> _Data excerpt_:
|---|

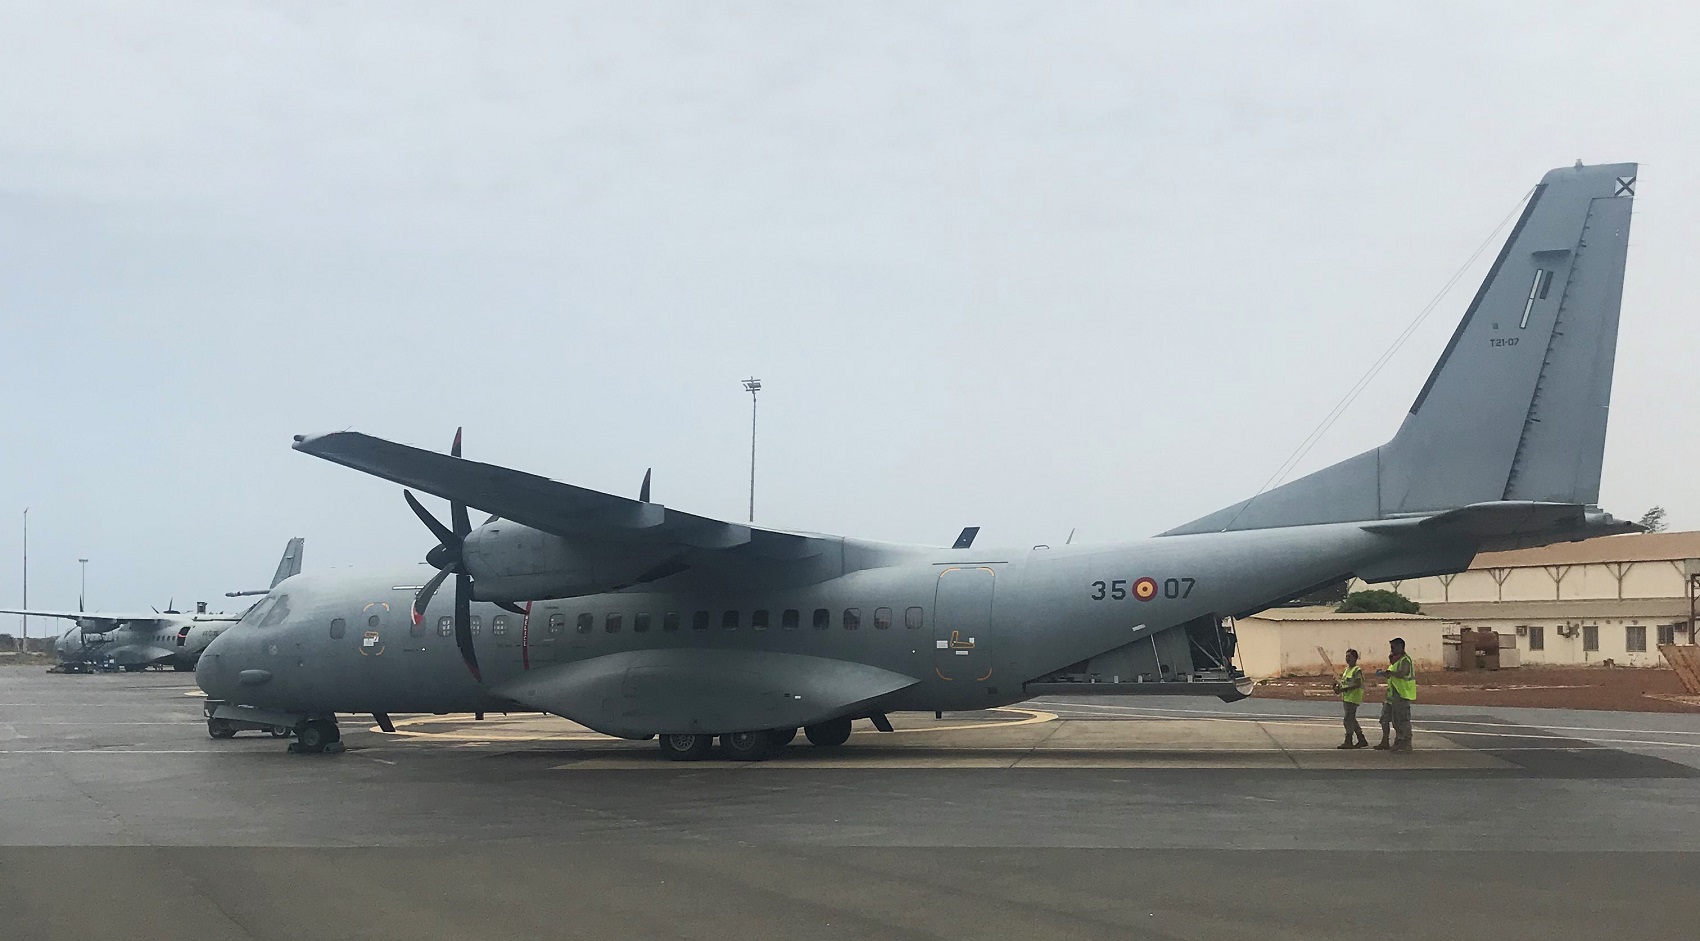 the new T-21 after landing in Dakar
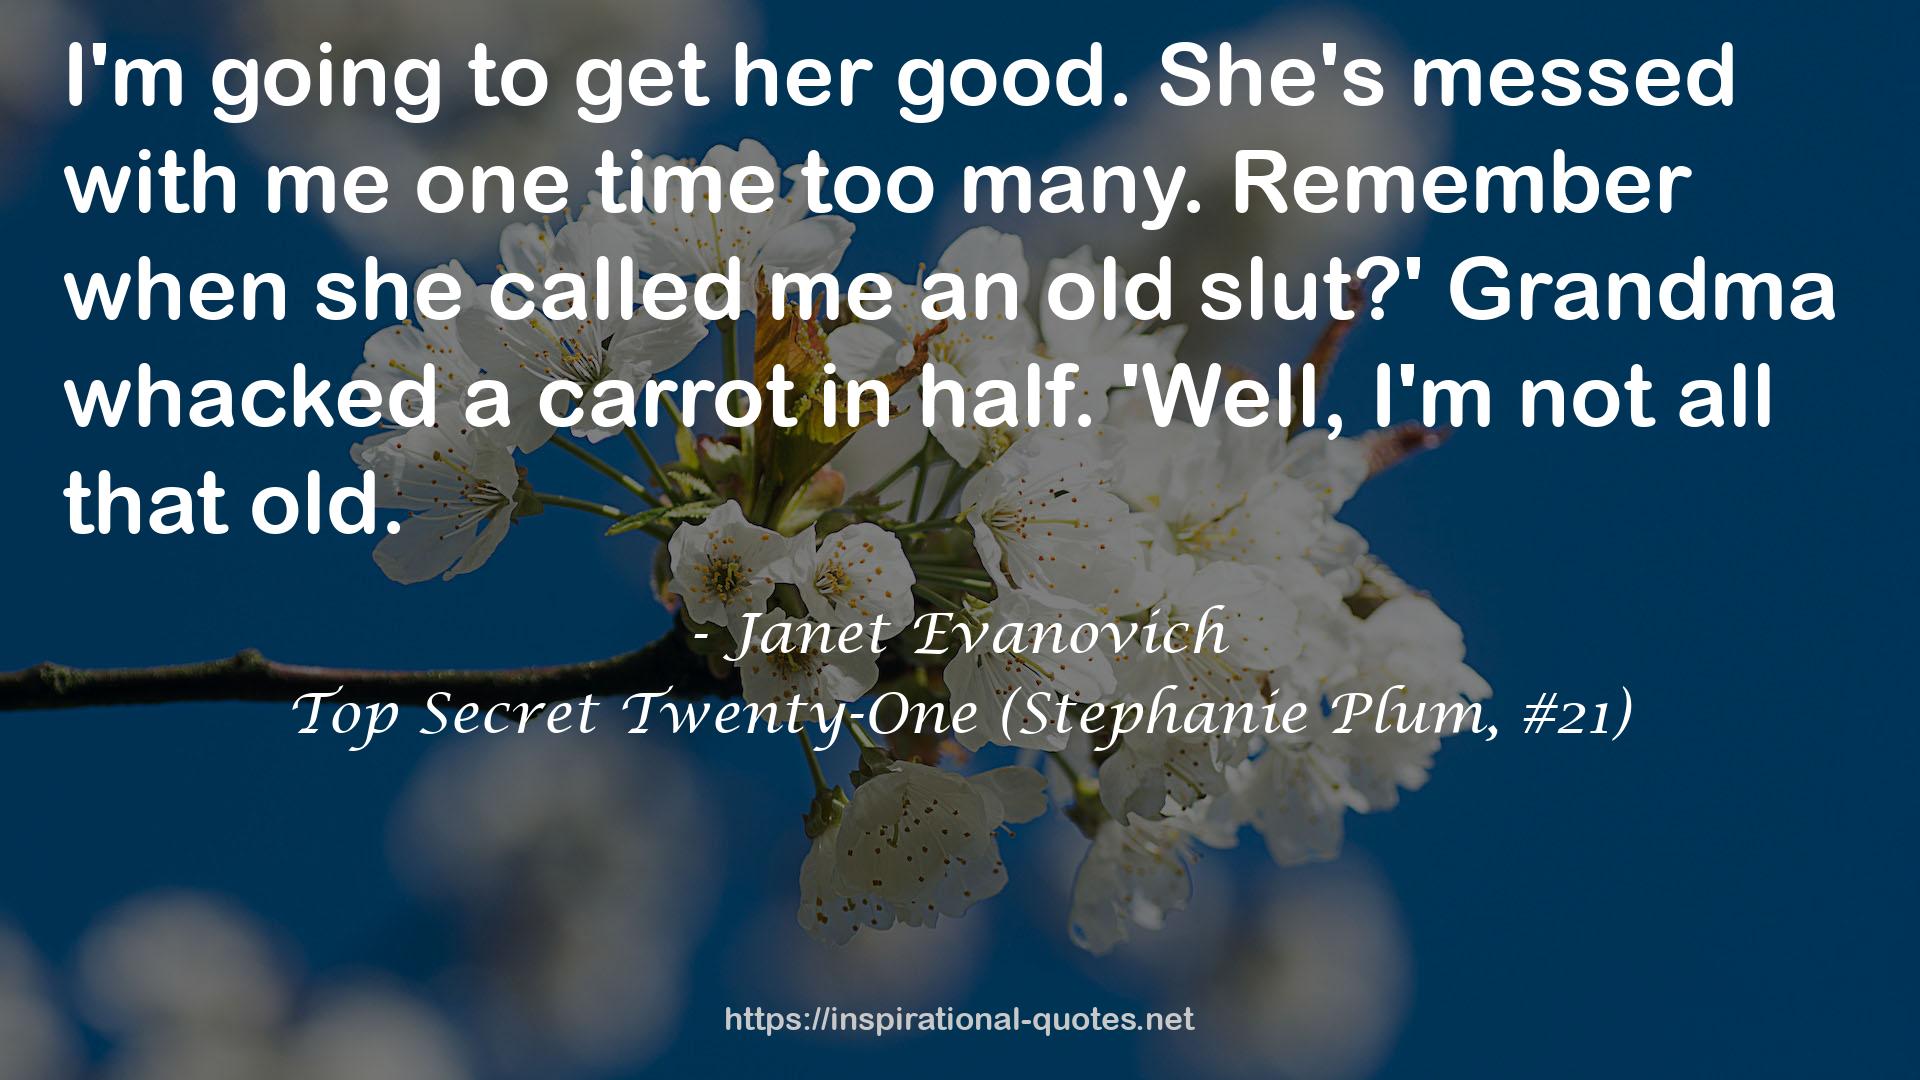 Top Secret Twenty-One (Stephanie Plum, #21) QUOTES
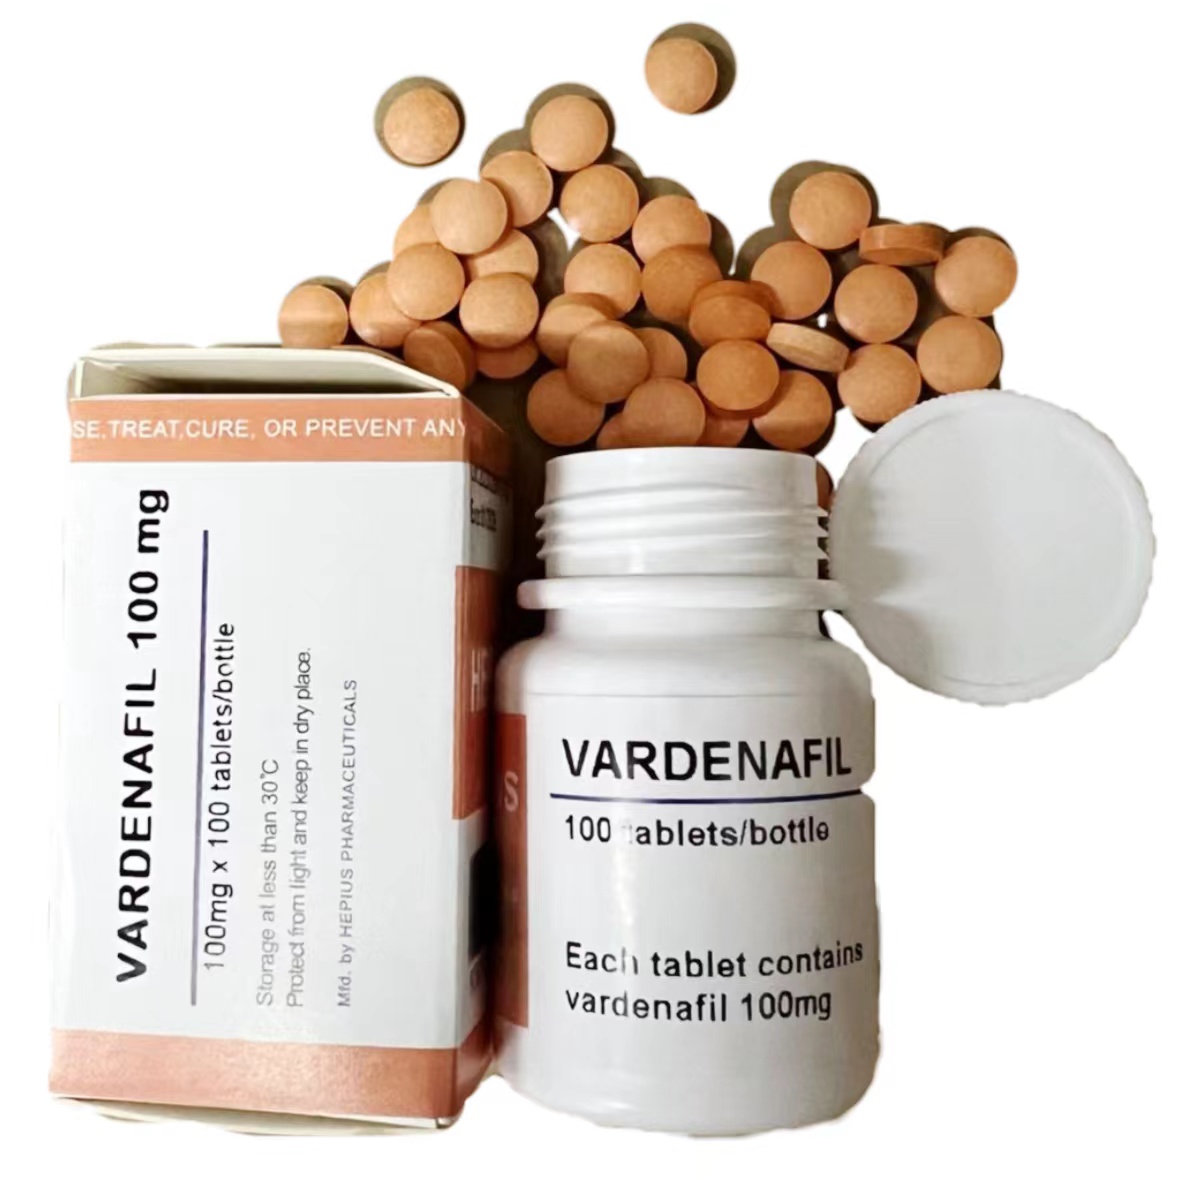 Vardenafil 100mg/bottle 100tablets

|---|

Repeat the material exactly. Any picture in it should be dropped.

 the new T-21 after landing in Dakar
 Top Secret Twenty-One (Stephanie Plum, #21) QUOTES
 Vardenafil 100mg/bottle 100tablets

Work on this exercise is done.